Canadian politician (1857–1929)

Theodore Arthur Burrows (August 15, 1857 - January 18, 1929) was a politician and office-holder in Manitoba, Canada. He served as the tenth Lieutenant Governor of the province from October 6, 1926 until his death.

Burrows was born in Ottawa, Canada West (now Ontario), where his grandfather had been a pioneer settler. He moved to Manitoba in 1875, and was subsequently educated at Manitoba College. In 1877, Burrows became the first law student in Winnipeg history, working in the office of one Frederick Mackenzie. He entered the lumber business in 1879, and subsequently played a major role in developing the industry in Manitoba's northwest.

Burrows entered politics in 1892, winning election to the provincial legislature in the riding of Dauphin. Although he described himself as a Liberal-Conservative, he was nevertheless a supporter of Liberal Premier Thomas Greenway. Burrows defeated his Conservative opponent Glenlyon Campbell by 317 votes to 308.
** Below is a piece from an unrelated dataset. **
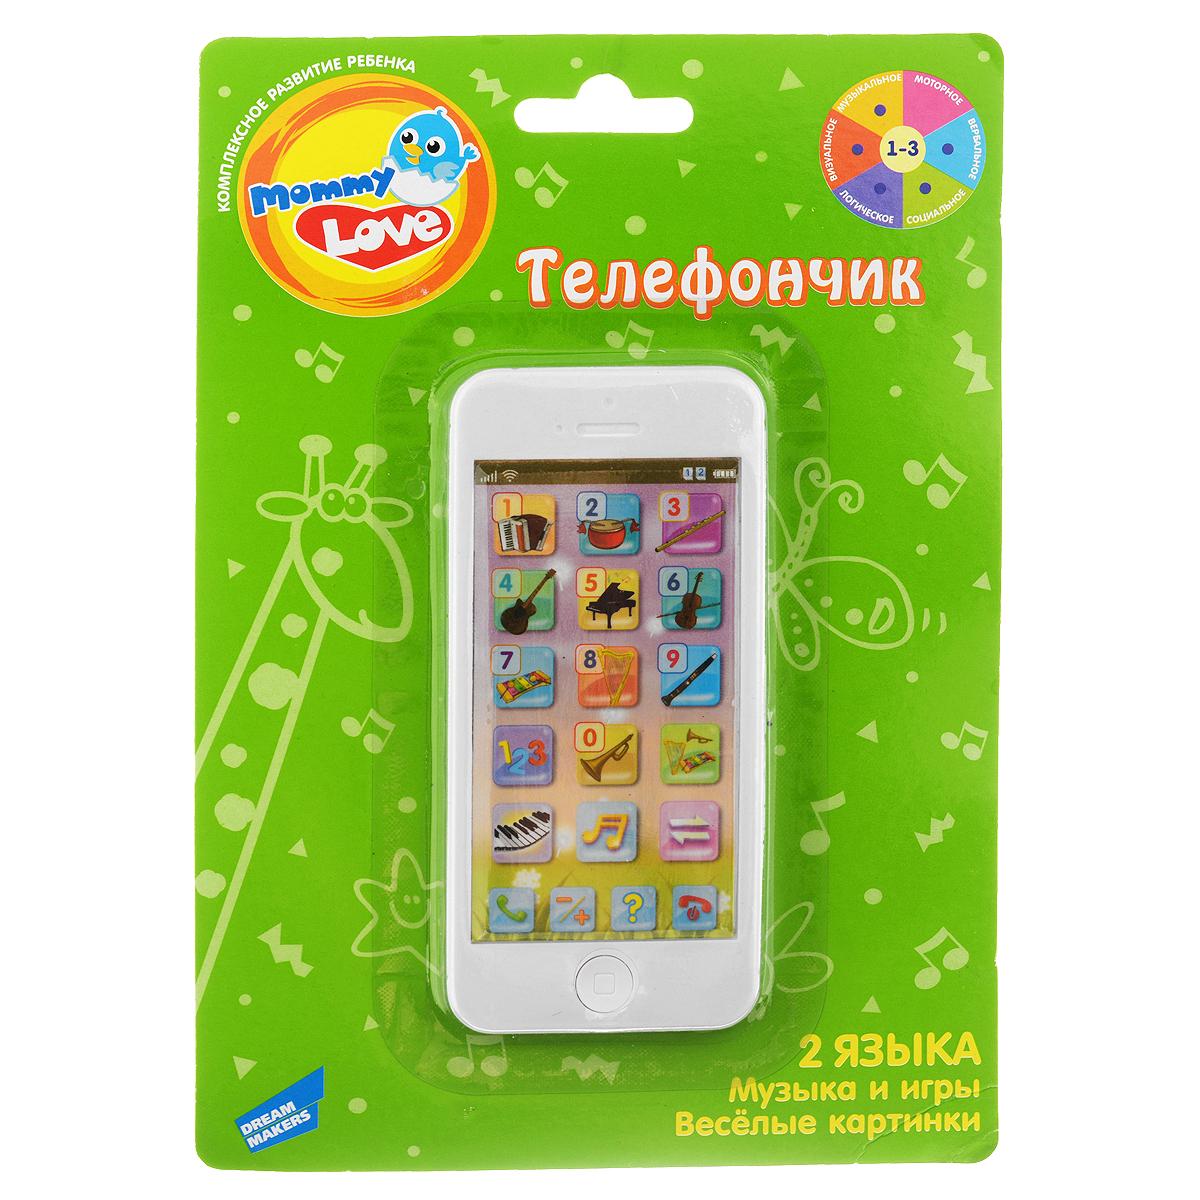 Mommy Love Развивающая игрушка Телефончик цвет белый82032_белыйМузыкальная игрушка Mommy Love Телефончик выполнена из пластика и стилизована под сенсорный телефон. На сенсорном дисплее плеера расположены кнопки выбора с изображениями предметов музыкальной тематики и цифр от 0 до 9, а также кнопки вызова, сброса и режимов. В нижней части плеера находится кнопка включения/выключения. Игрушка предусматривает следующие режимы: Цифры. При нажатии на кнопки произносится цифра и воспроизводится звуковой сигнал. 2. Ммузыкальные инструменты. При нажатии на кнопки произносится название того или иного музыкального инструмента. 3. Вопрос-ответ. При нажатии на кнопку ? ребенку называется цифра/предмет и предлагается выбрать правильный вариант ответа. Если ответ выбран верно, звучат аплодисменты, при ошибке телефон предлагает попробовать еще раз. 4. Сложение и вычитание цифр. При нажатии на кнопку -/+ малышу задается вопрос Сколько будет…? и предлагается выбрать правильный вариант ответа. 5. Мелодии. При нажатии на...

Burrows defeated Campbell a second time in 1896, by 589 votes to 577. By this time, he was identifying himself as a Liberal. He was also (like Greenway) a Methodist, and was a strong supporter of Canada's growing prohibition movement. In addition to his political career, he was also appointed a land commissioner of the Canadian Northern Railway in 1896, holding the position until 1904 and overseeing increased settlement in the Dauphin region. He was never appointed to Greenway's cabinet.

The Liberals lost the election of 1899, although Burrows actually increased his majority significantly—defeating Conservative R. Hunt by 1203 votes to 779. It may be assumed that the new settlers brought by Burrows to the region were instrumental in his victory.

Burrows did not seek re-election in 1903, but campaigned for the federal House of Commons the following year. Running as a Liberal in the federal riding of Dauphin, he was elected unopposed, and supported Prime Minister Wilfrid Laurier in parliament for the next four years. He was upset by his old rival Glenlyon Campbell, 3206 votes to 2989, in the election of 1908, and did not re-enter political life thereafter.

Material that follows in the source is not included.